Aucune société ne recrute de membres. Toutes comptent suffisamment d'effectifs. Certaines s'imposent même une limite : les « Réguénaires » n'acceptent pas plus de 95 membres effectifs payant la soumonza.

 

 

 

(p.39) Si aujourd'hui, l'Association des présidents prend de plus en plus de de pouvoirs et insiste tant sur ces conditions d'admission, de participation comme membres effectifs au carnaval, c'est parce que les Binchois craignent un changement de la physionomie du carnaval avec l'application du principe de la fusion des communes. En effet, beaucoup de gens risqueraient de réclamer leur droit en tant que Binchois c'est-à-dire habitant du Grand Binche -ce qui est différent de la Ville de Binche délimitée dans l'article VIII des statuts de l'Association. D'autre part, un conseil échevinal composé de non Binchois pourrait intervenir de façon inopportune dans les questions que pose le carnaval. Il est à noter que le carnaval de 1977, le premier après la fusion des communes, semble s'être bien déroulé. Puissent ceux qui suivront lui ressembler....

 

 

 

 

 

Catherine HARVENGT

 

 

 

(1)  Toute personne, pour pouvoir faire le  Gille à Binche et participer aux sorties des sociétés dans notre Cité, doit obligatoirement être membre effectif d'une  des  sociétés  reconnues  par  l'Association.
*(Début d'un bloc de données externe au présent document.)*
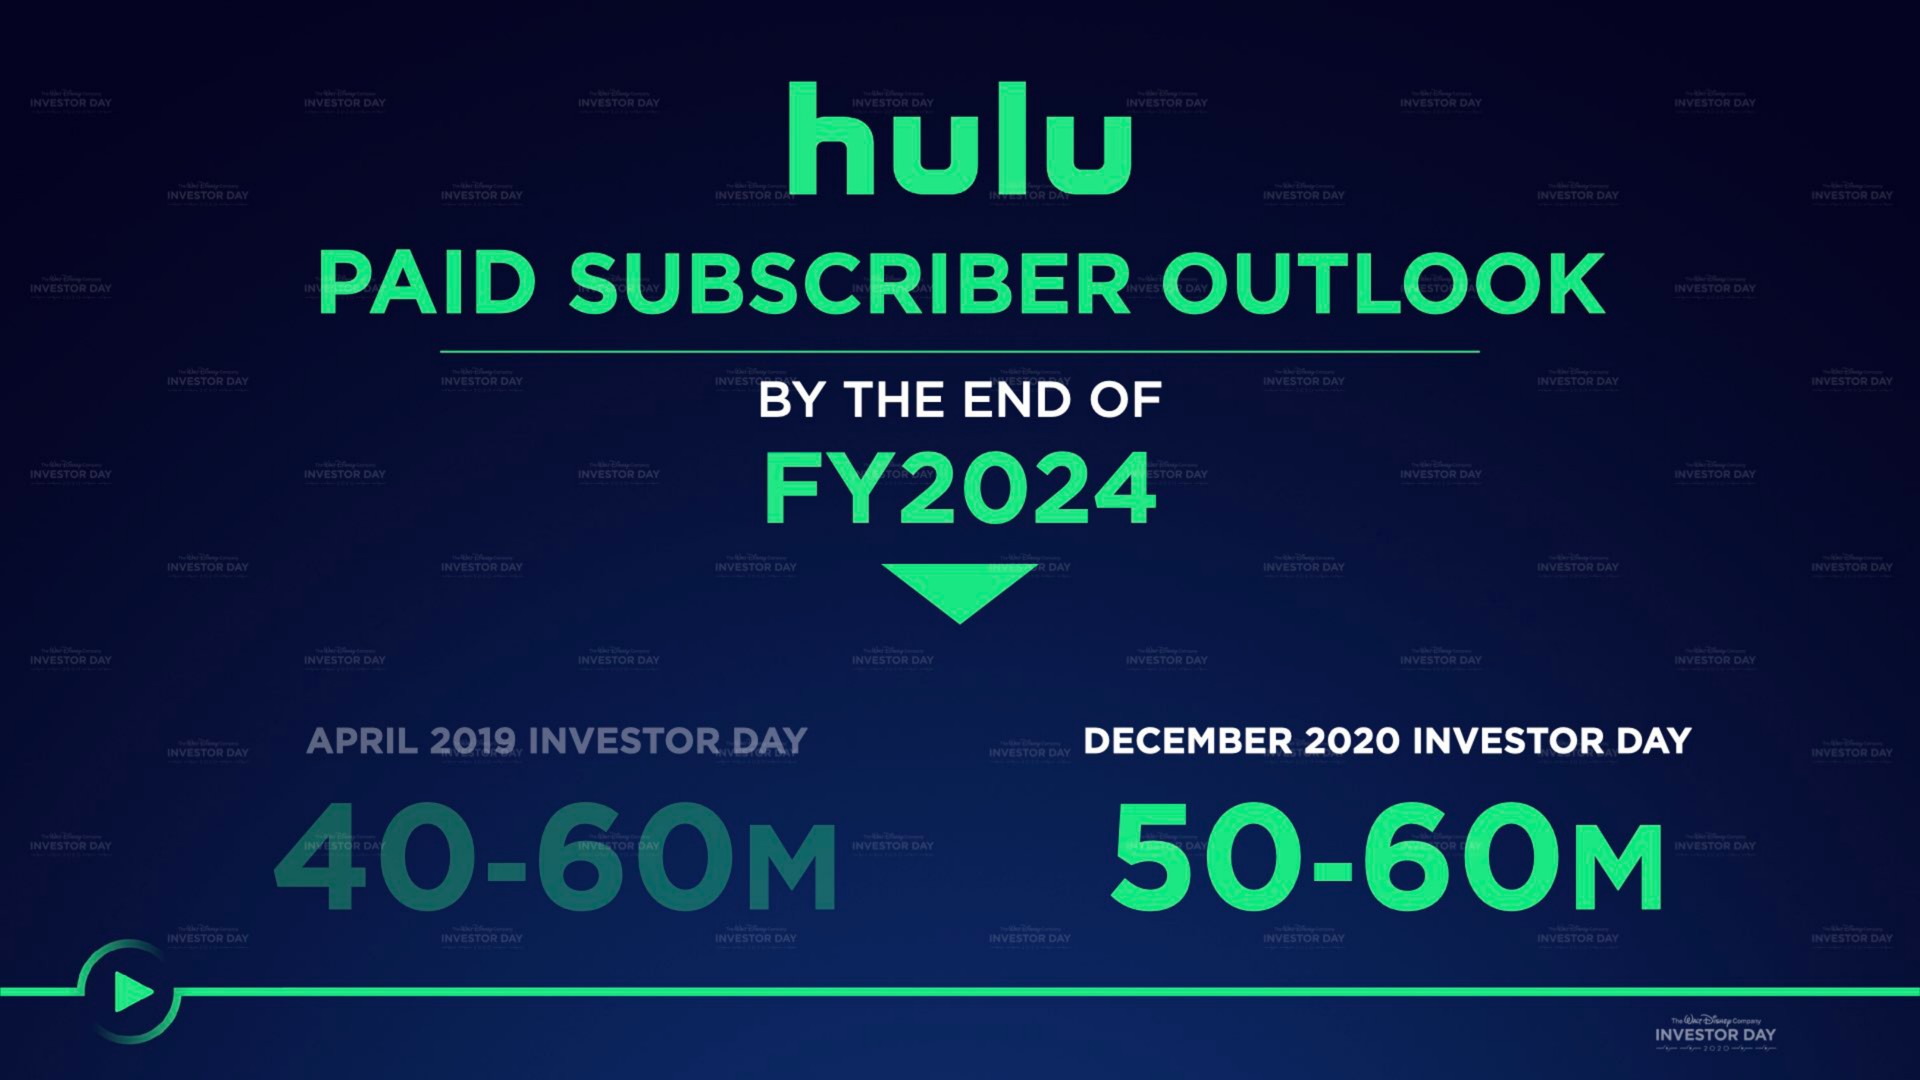 hulu paid subscriber outlook by the end of investor day investor day | Disney

Il en est de même pour pouvoir faire partie d'une société de fantaisie.

 

(2) Tout membre effectif, tel que repris à l'article 9, n'ayant pas de domicile à Binche devra obligatoirement trouver une  maison  d'accueil  afin de pouvoir :

 

- le matin, s'habiller et se bourrer ;

 

- dîner, lors du retour le matin après la dislocation de sa société ;

 

-  le soir, se déshabiller et se débourrer.

 

(3) Le Gille est tenu de se comporter correctement, en respectant scrupu­leusement la danse et sa tenue de gille, en évitant tout abus de boisson ou autres afin de respecter la vielle tradition binchoise. Il évitera notam­ment les cheveux sur la nuque dépassant la barette. Pour se bourrer, il n'utilisera que de la paille. Le masque de gille, qui se porte uniquement le  mardi-gras, devra être  enlevé  lors  d'un  arrêt de  la société et non laissé sur le front. La vente du masque typique s'effectuera uniquement par les soins et sous la responsabilité des sociétés de Gilles reconnues par  l'Association,  à   l'exclusion  de  tout  autre  intermédiaire,  personne physique ou morale, quelle qu'elle soit. Cette vente sera réservée uni­quement aux membres effectifs des sociétés dont il s'agit.

 

(4) Chaque membre qui participe au carnaval doit payer une mise. Cette mise est parfois appelée soumonza : les anciens livres de comptes des « Réguénaires »   la  nomment  de  cette  façon  ainsi  que  certains   Gilles plus âgés et les anciens.

 

N.d.l.R. — Ces lignes sont tirées de C, Harvengt, Les sociétés carnavalesques à Binche, mémoire de licence en éducation physique, Université Catholique de Louvain, année académique 1976-1977, pp. 66-68. C'est avec l'aimable autorisation de son auteur que nous publions ce texte.